Chip attenuators are used in RF and microwave circuits to change signal level to act as buffers between amplifier stages to prevent oscillation, and for impedance matching for frequency selective devices such as filters or mixers. There are three typical constructions used to fabricate chip attenuators. Referring to FIG. 1, there is shown a top view of one type of a prior art chip attenuator 10, generally referred to as a "T" type chip attenuator. The attenuator 10 comprises a flat rectangular substrate 12 of an insulating material, such as a ceramic or plastic. On a surface 14 of the substrate 12 are first and second conductors 16 and 18 which are spaced apart. A third conductor 20 is on the surface 14 and extends between the first and second conductors 16 and 18. The third conductor 20 has a head 22 thereon at one end. A fourth conductor 24 is on the surface 14 and is spaced from and substantially parallel to the head 22 of the third conductor 20. A first resistor 26 is on the surface 14 and extends between the first and third conductors 16 and 20, and a second resistor 28 is on the surface 14 and extends between the second and third conductors 18 and 20. A third resistor 30 is on the surface 14 and extends between the head 29 of the third conductor 20 and the fourth conductor 24. Each of the conductors 16, 18, 20 and 24 are films of a thick or thin film conductive material, and each of the resistors 26. 28 and 30 are films of a thick or thin film resistance material. Thus, the "T" type attenuator comprises three resistors connected together.
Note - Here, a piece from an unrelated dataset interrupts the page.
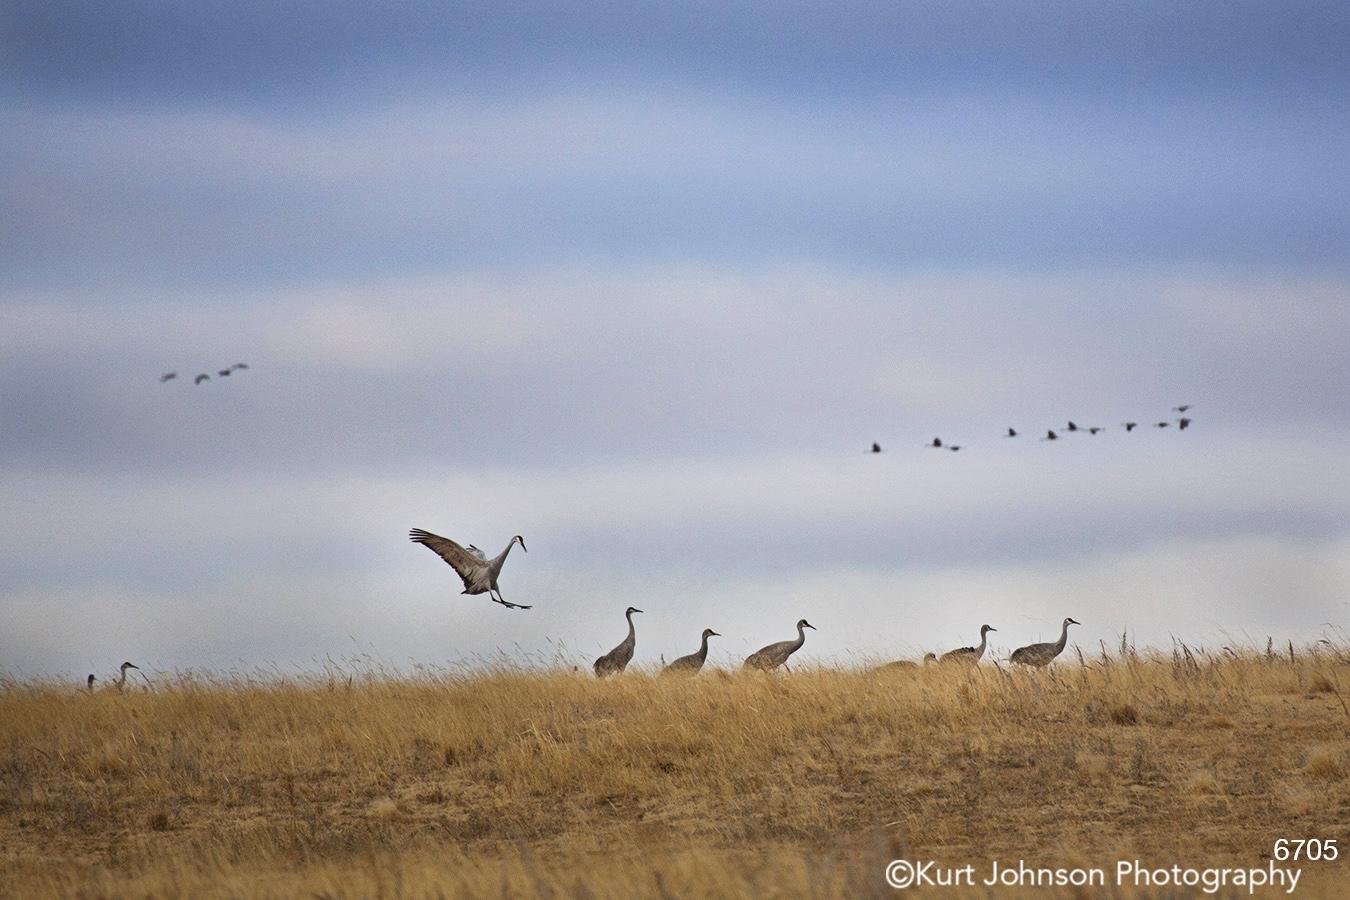 wildlife cranes landscape sandhill birds

Referring to FIG. 2, there is shown a second type of prior art chip attenuator 32, which is general referred to as a "Pi" type attenuator. Attenuator 32 comprises a flat, rectangular substrate 34 of an insulating material, having a surface 36. On the surface 36 are spaced first, second and third conductors 38, 40 and 42. Also, on the surface 36 are first, second and third resistors 44, 46 and 48. The first resistor 44 extends between the first and second conductors 38 and 40, the second resistor 46 extends between the first and third conductors 38 and 42, and the third resistor 48 extends between the second and third conductors 40 and 42. Thus, the attenuator 32 comprises three resistors connected in a series/parallel relationship.
Referring to FIG. 3, there is shown a third type of prior art chip attenuator 50, which is generally referred to as a "sheet" type attenuator. Attenuator 50 is similar to the "Pi" type attenuator 32 of FIG. 2 in that it comprises a flat, rectangular substrate 52 having a surface 54, and three spaced conductors 56, 58 and 60 on the surface 54. However, instead of three separate resistors, the "sheet" type attenuator 50 has a single resistance film 62 on the surface 54 and extending between the first, second and third conductors 56, 58 and 60. However, in essence, the single resistance film 62 forms a resistor extending between the first and second conductors 56 and 58, and a separate resistor extending between the third conductor 60 and each of the first and second conductors 56 and 58. Thus, the "sheet" type attenuator 50 provides the same resistor circuit as the "Pi" type attenuator 32.
The choice of which of the above types of attenuators is used depends on the desired power dissipation and frequency response. The "T" type attenuator 10 works well for attenuation values below 2 dB since the series resistors are larger and easier to fabricate. The "Pi" type attenuator 32 and the "sheet" type attenuator 50 work well for high attenuation value because the are two shunt resistors. However, a problem with all of these types of attenuators has to do with the small amount of inductance associated with the resistor geometry and connecting metal terminations. The inductance forms a series R-L circuit which behaves like a low pass filter. The effect of the inductance is a reduction in the attenuation with increasing frequency. The effect of the inductance on a "T" type attenuator 10 is much worse than on either a "Pi" type or "sheet" type attenuator. Therefore, the "Pi" type or "sheet" type attenuator is preferred. However, it would be desirable to further improve the performance of the "Pi" type, "sheet" type and "T" type attenuators.